Activity
Output each line of the listing exactly, though pictures are not to appear.

Given material
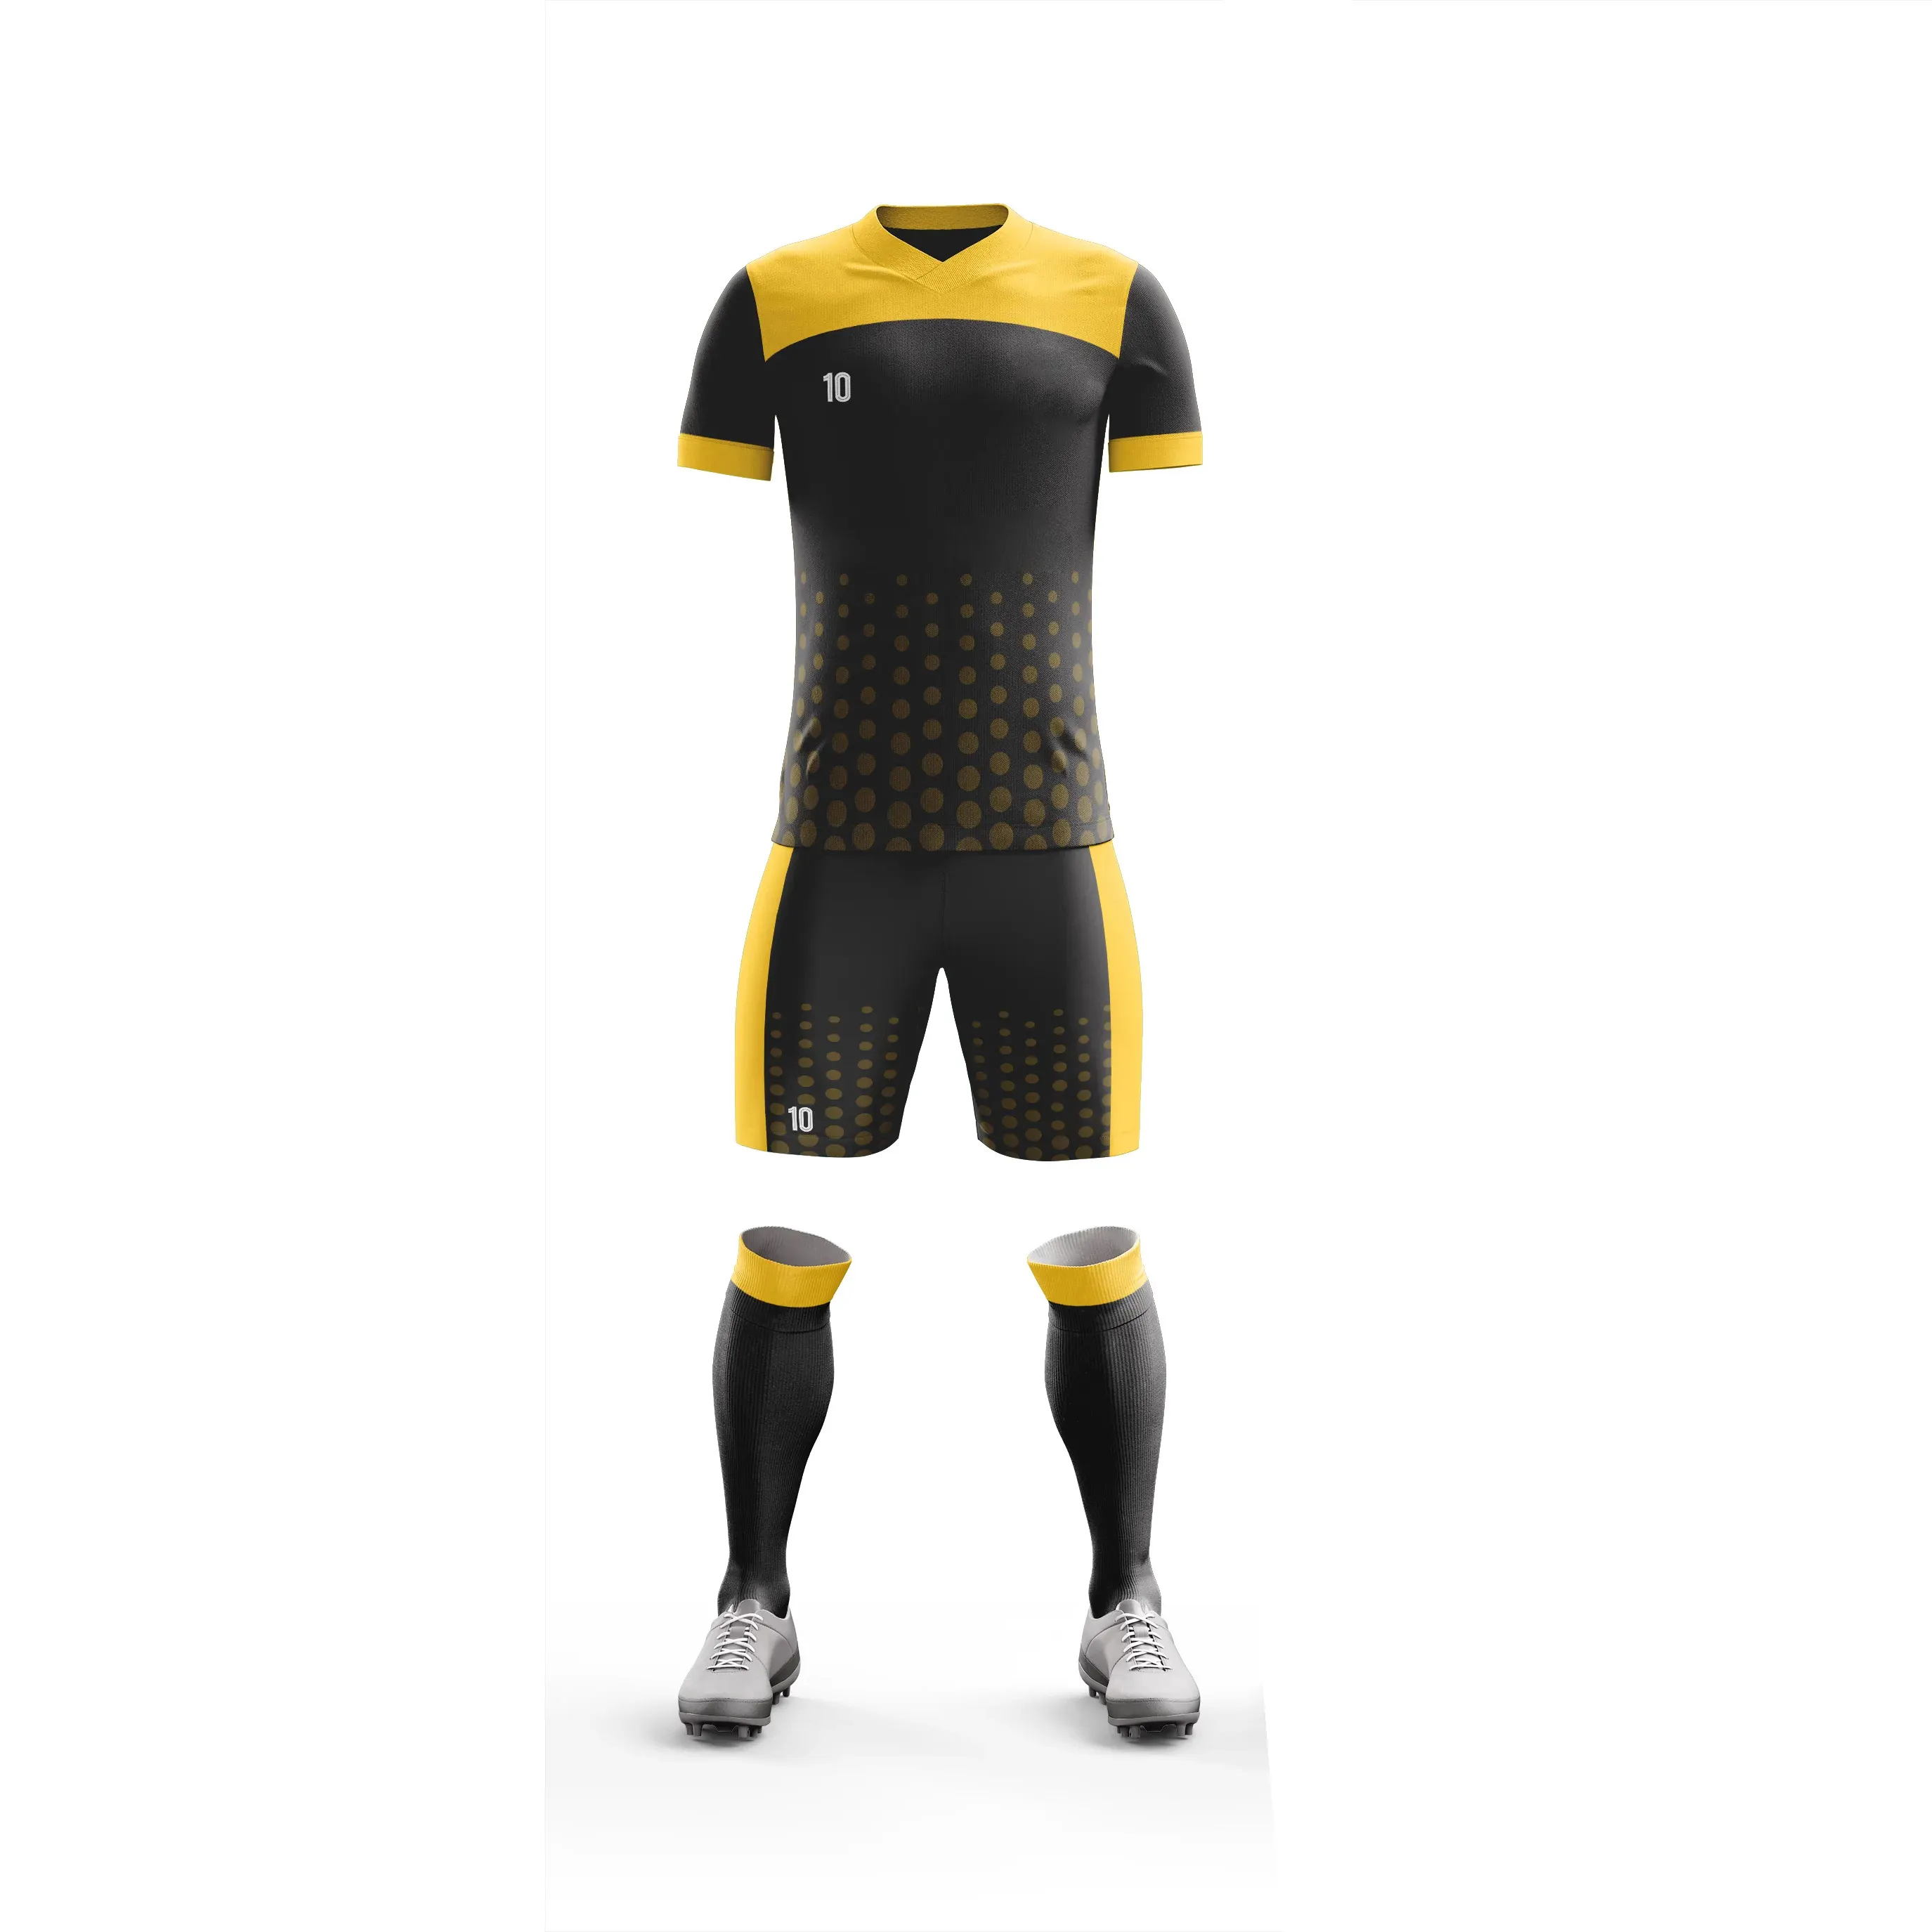 2023 새로운 사용자 정의 디자인 하이 퀄리티 축구 유니폼 도매 가격 남자 축구 유니폼 만든 파키스탄
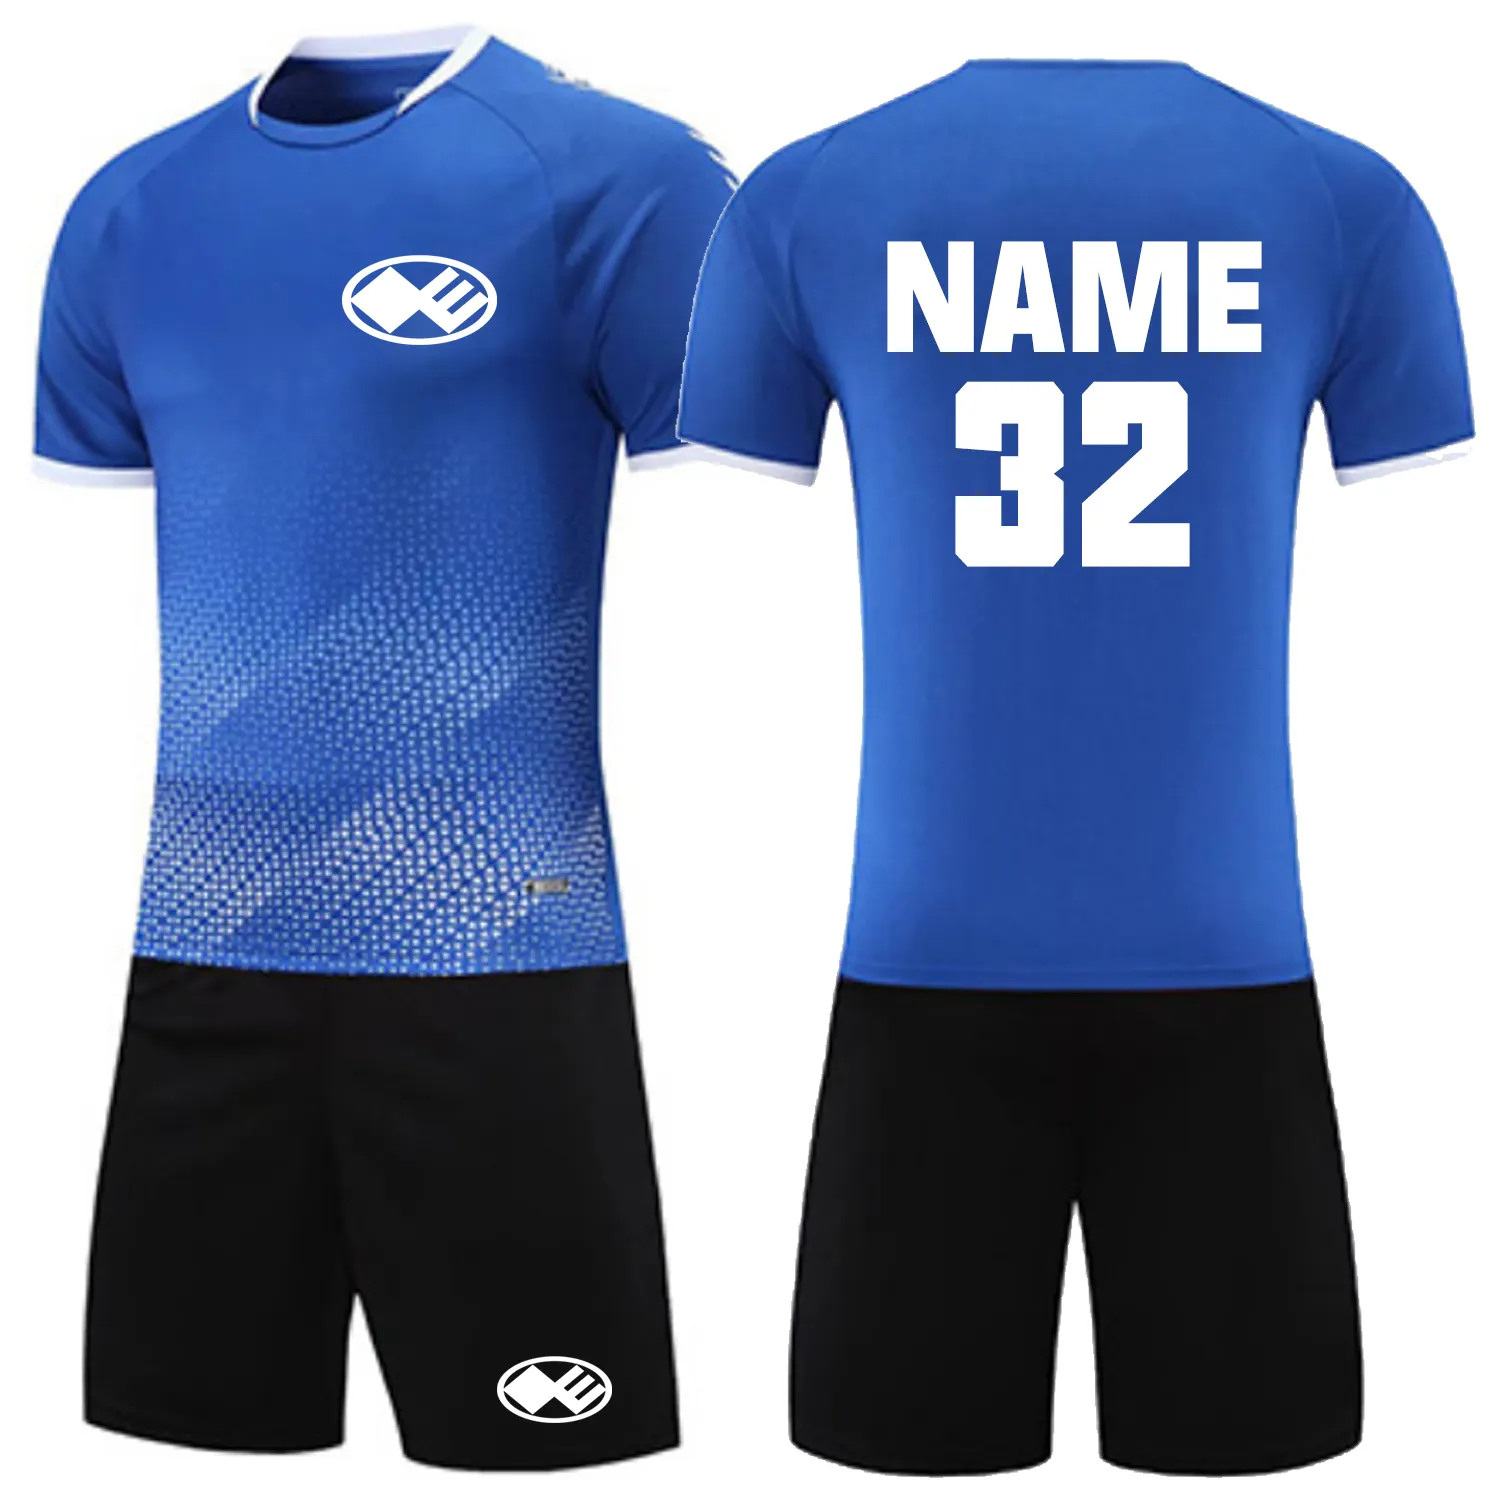 Logo personalizzato 2025 2024 uniforme da calcio in poliestere uniforme di alta qualità maglia da calcio ad asciugatura rapida comodo abbigliamento sportivo completo tuta
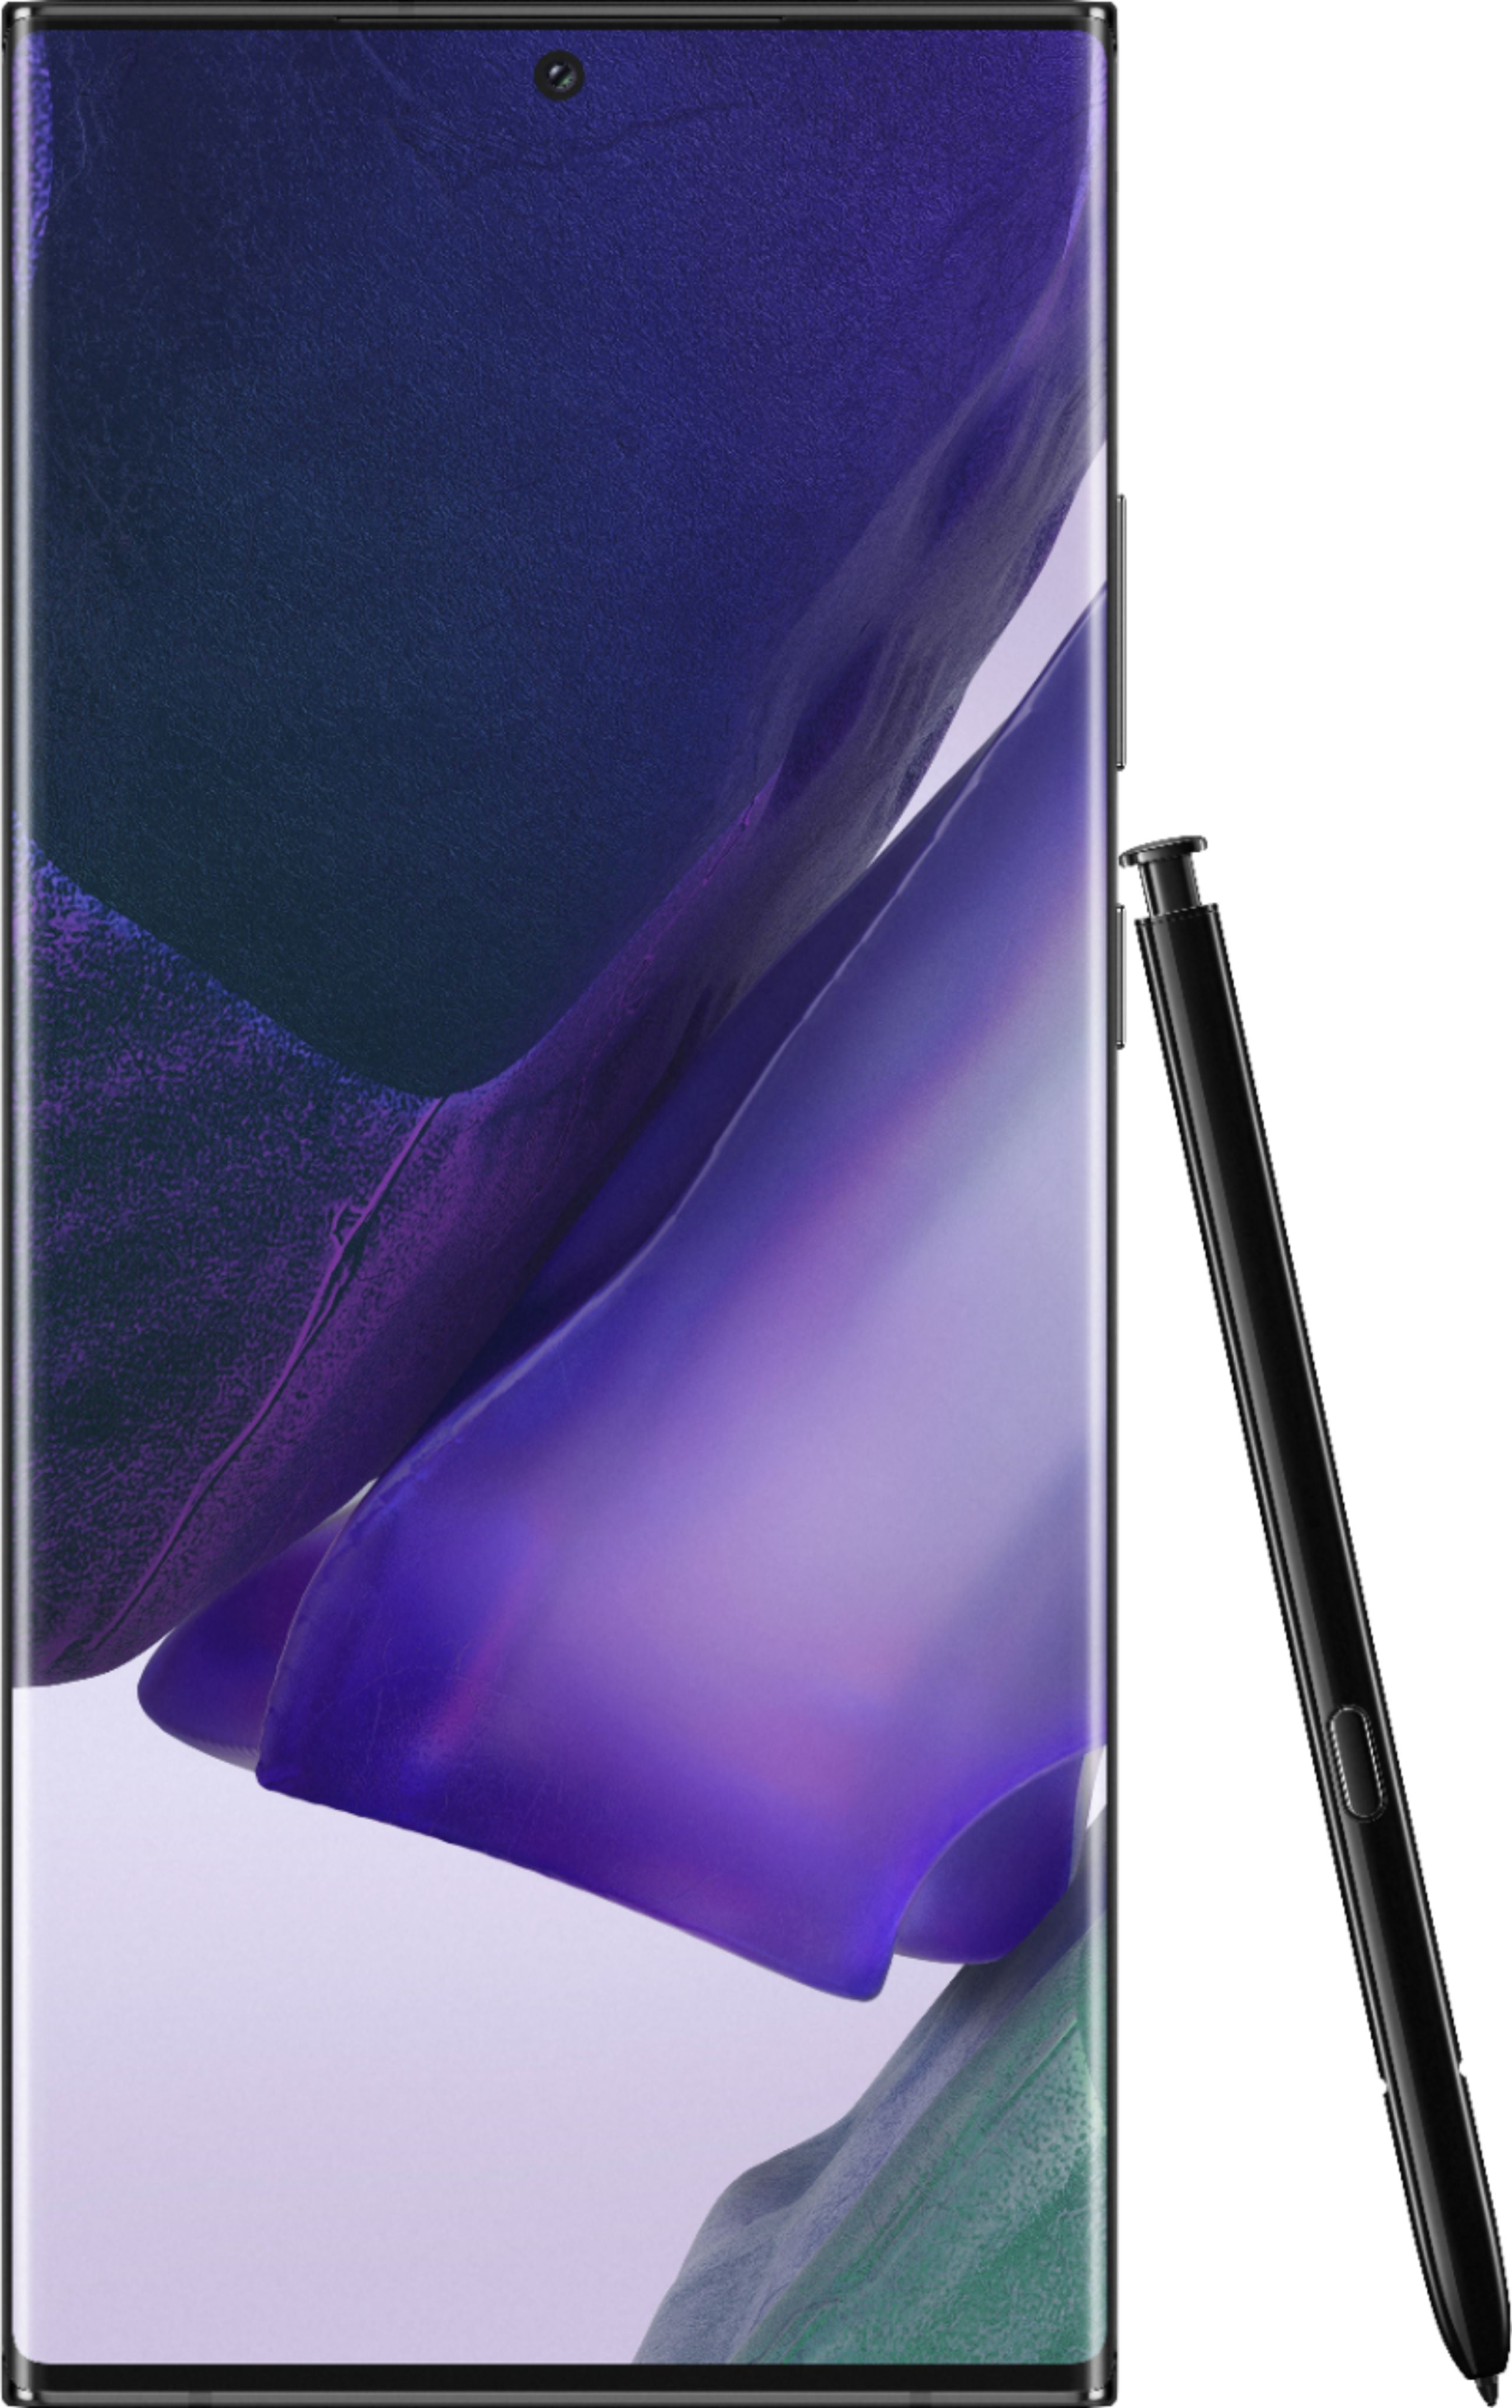 Samsung Galaxy Note 10+, 256gb, Aura Black - Fully Unlocked (Renewed)

Exercise solution
 2023 새로운 사용자 정의 디자인 하이 퀄리티 축구 유니폼 도매 가격 남자 축구 유니폼 만든 파키스탄
 Logo personalizzato 2025 2024 uniforme da calcio in poliestere uniforme di alta qualità maglia da calcio ad asciugatura rapida comodo abbigliamento sportivo completo tuta
 Samsung Galaxy Note 10+, 256gb, Aura Black - Fully Unlocked (Renewed)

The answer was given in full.